The ALC892 supports host audio from the Intel chipsets, and also from any other HDA compatible audio controller. With various software utilities like environment sound emulation, multiple-band and independent software equalizer, dynamic range compressor and expander, optional Dolby PCEE program, SRS TruSurround HD, SRS Premium Sound, Fortemedia SAM, Creative Host Audio, Synopsys Sonic Focus, DTS Surround Sensation | UltraPC, and DTS Connect licenses, the ALC892 offers the highest sound quality, providing an excellent entertainment package and game experience for PC users.



Features

Hardware Features
DACs with 95dB SNR (A-weighting), ADCs with 90dB SNR (A-weighting)
Ten DAC channels support 16/20/24-bit PCM format for 7.1 channel sound playback, plus 2 channels of concurrent independent stereo sound output (multiple streaming) through the front panel output
Two stereo ADCs support 16/20/24-bit PCM format, multiple stereo recording
All DACs supports 44.1k/48k/96k/192kHz sample rate
All ADCs supports 44.1k/48k/96k/192kHz sample rate
Primary 16/20/24-bit SPDIF-OUT supports 32k/44.1k/48k/88.2k/96k/192kHz sample rate
Secondary 16/20/24-bit SPDIF-OUT supports 32k/44.1k/48k/88.2k/96k/192kHz sample rate
16/20/24-bit SPDIF-IN supports 44.1k/48k/96k/192kHz sample rate
All analog jacks (port-A to port-G) are stereo input and output re-tasking
Port-D/E/F built-in headphone amplifiers
Port-B/C/E/F with software selectable boost gain (+10/+20/+30dB) for analog microphone input
High-quality analog differential CD input
Supports external PCBEEP input and built-in digital BEEP generator
Software selectable 2.5V/3.2V/4.0V VREFOUT
Up to four channels of microphone array input are supported for AEC/BF applications
Three jack detection pins; each designed to detect up to 4 jacks
Supports legacy analog mixer architecture
Up to two GPIOs (General Purpose Input and Output) for customized applications. GPIO0 and GPIO1 share pin with DMIC-CLK and DMIC-DATA
Supports mono and stereo digital microphone interface (pins shared with GPIO0 and GPIO1)
Supports anti-pop mode when analog power LDO-IN is on and digital power is off
Content Protection for Full Rate lossless DVD Audio, Blu-ray DVD, and HD-DVD audio content playback (with selected versions of WinDVD/PowerDVD/TMT)
1dB per step output volume and input volume control
Supports 3.3V digital core power, 1.5V or 3.3V digital I/O power for HD Audio link, and 5.0V analog power
Intel low power ECR compliant and power status control for each analog/digital converter and pin widget
48-pin LQFP ‘Green’ package

Software Features
Meets Microsoft WLP 3.x and future WLP audio requirements
WaveRT-based audio function driver for Windows Vista and Windows 7
Direct Sound 3D™ compatible
I3DL2 compatible
7.1+2 channel multi-streaming enables concurrent gaming/VoIP
Emulation of 26 sound environments to enhance gaming experience
 Multiband software equalizer and tools provided
Voice Cancellation and Key Shifting effect
Dynamic range control (expander, compressor, and limiter) with adjustable parameters
Intuitive Configuration Panel (Realtek Audio Manager) to enhance user experience
Microphone Acoustic Echo Cancellation (AEC), Noise Suppression (NS), and Beam Forming (BF) technology for voice applications
Smart multiple streaming operation
HDMI audio driver for AMD platform
Optional Dolby PCEE program, SRS TruSurround HD, SRS Premium Sound, Fortemedia SAM, Creative Host Audio, Synopsys Sonic Focus, DTS Surround Sensation | UltraPC, and DTS Connect licenses

Applications

Desktop multimedia PCs
Notebook PCs

Download Page Links


----------



## 8086 (Aug 4, 2009)

Your sound card is probably not suitable for calibration purposes. 
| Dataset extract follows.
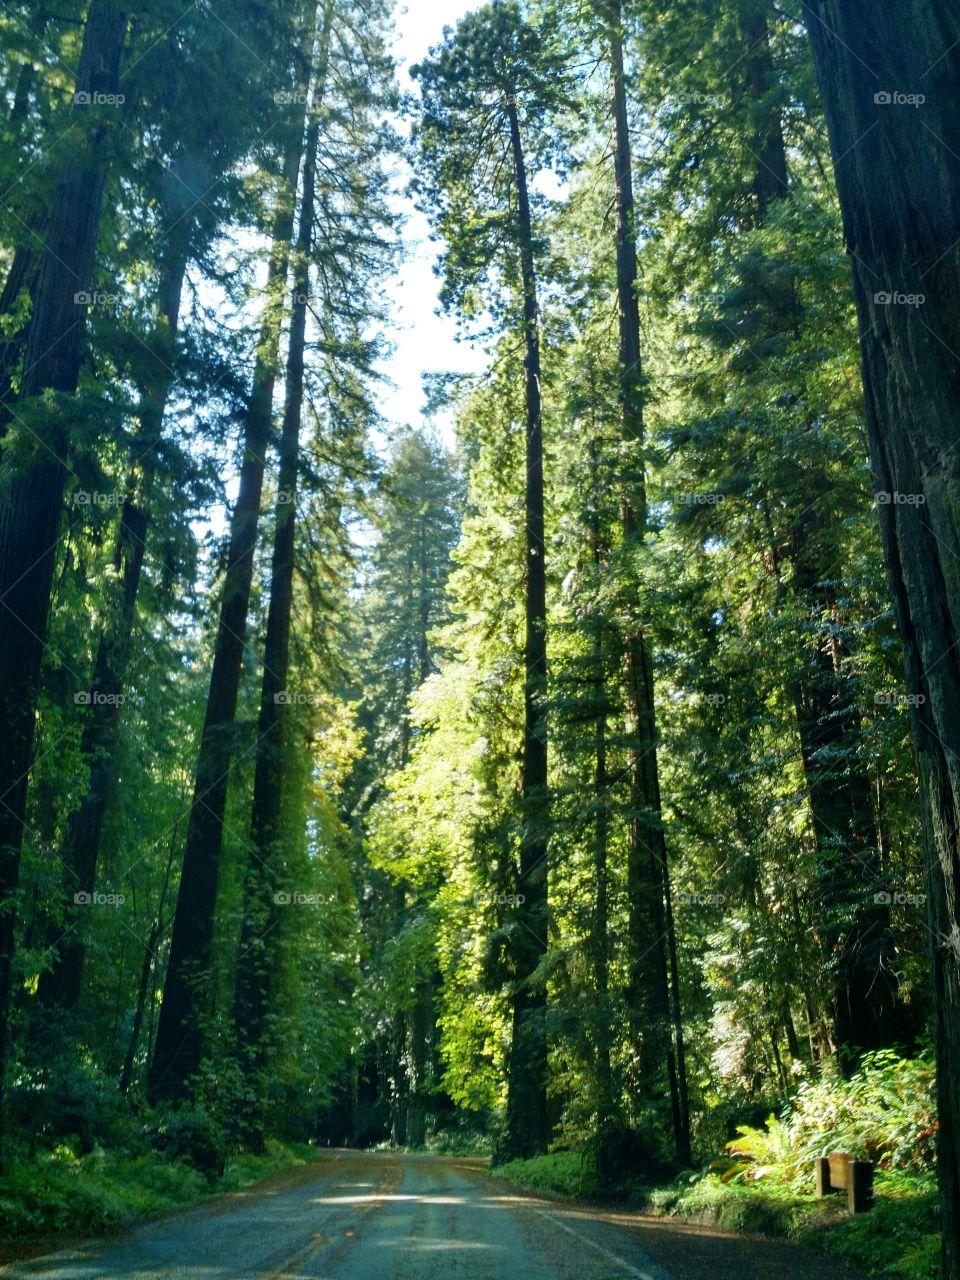 Humbolt Redwoods. August 2015

It is best advised that you use one of the pre-approved devices for REW, like the Behringer ECM8000 Measurement Microphone. Which has it's own built in, calibrated sound card. 

http://www.parts-express.com/pe/showdetl.cfm?partnumber=248-625


----------



## seanpatrick (Apr 16, 2013)

8086 said:


> Your sound card is probably not suitable for calibration purposes.
> 
> It is best advised that you use one of the pre-approved devices for REW, like the Behringer ECM8000 Measurement Microphone. Which has it's own built in, calibrated sound card.
> 
> http://www.parts-express.com/pe/showdetl.cfm?partnumber=248-625


So all I would need is that mic plugged in to my Line In / Usb port and I'd be good to go? I wouldn't need to use an external amp or anything like that?....
this one: http://www.parts-express.com/pe/showdetl.cfm?partnumber=390-801 comes with it's own calibration file, which seems to be a boon from what I understand, however it seems to use an XLR cable, and not sure how that would fit into my computer, also don't know I do or Don't need a soundcard for this one too. The one you've suggested seems to have gotten a couple questionable reviews - that's why I ask


----------



## robbo266317 (Sep 22, 2008)

seanpatrick said:


> So all I would need is that mic plugged in to my Line In / Usb port and I'd be good to go? I wouldn't need to use an external amp or anything like that?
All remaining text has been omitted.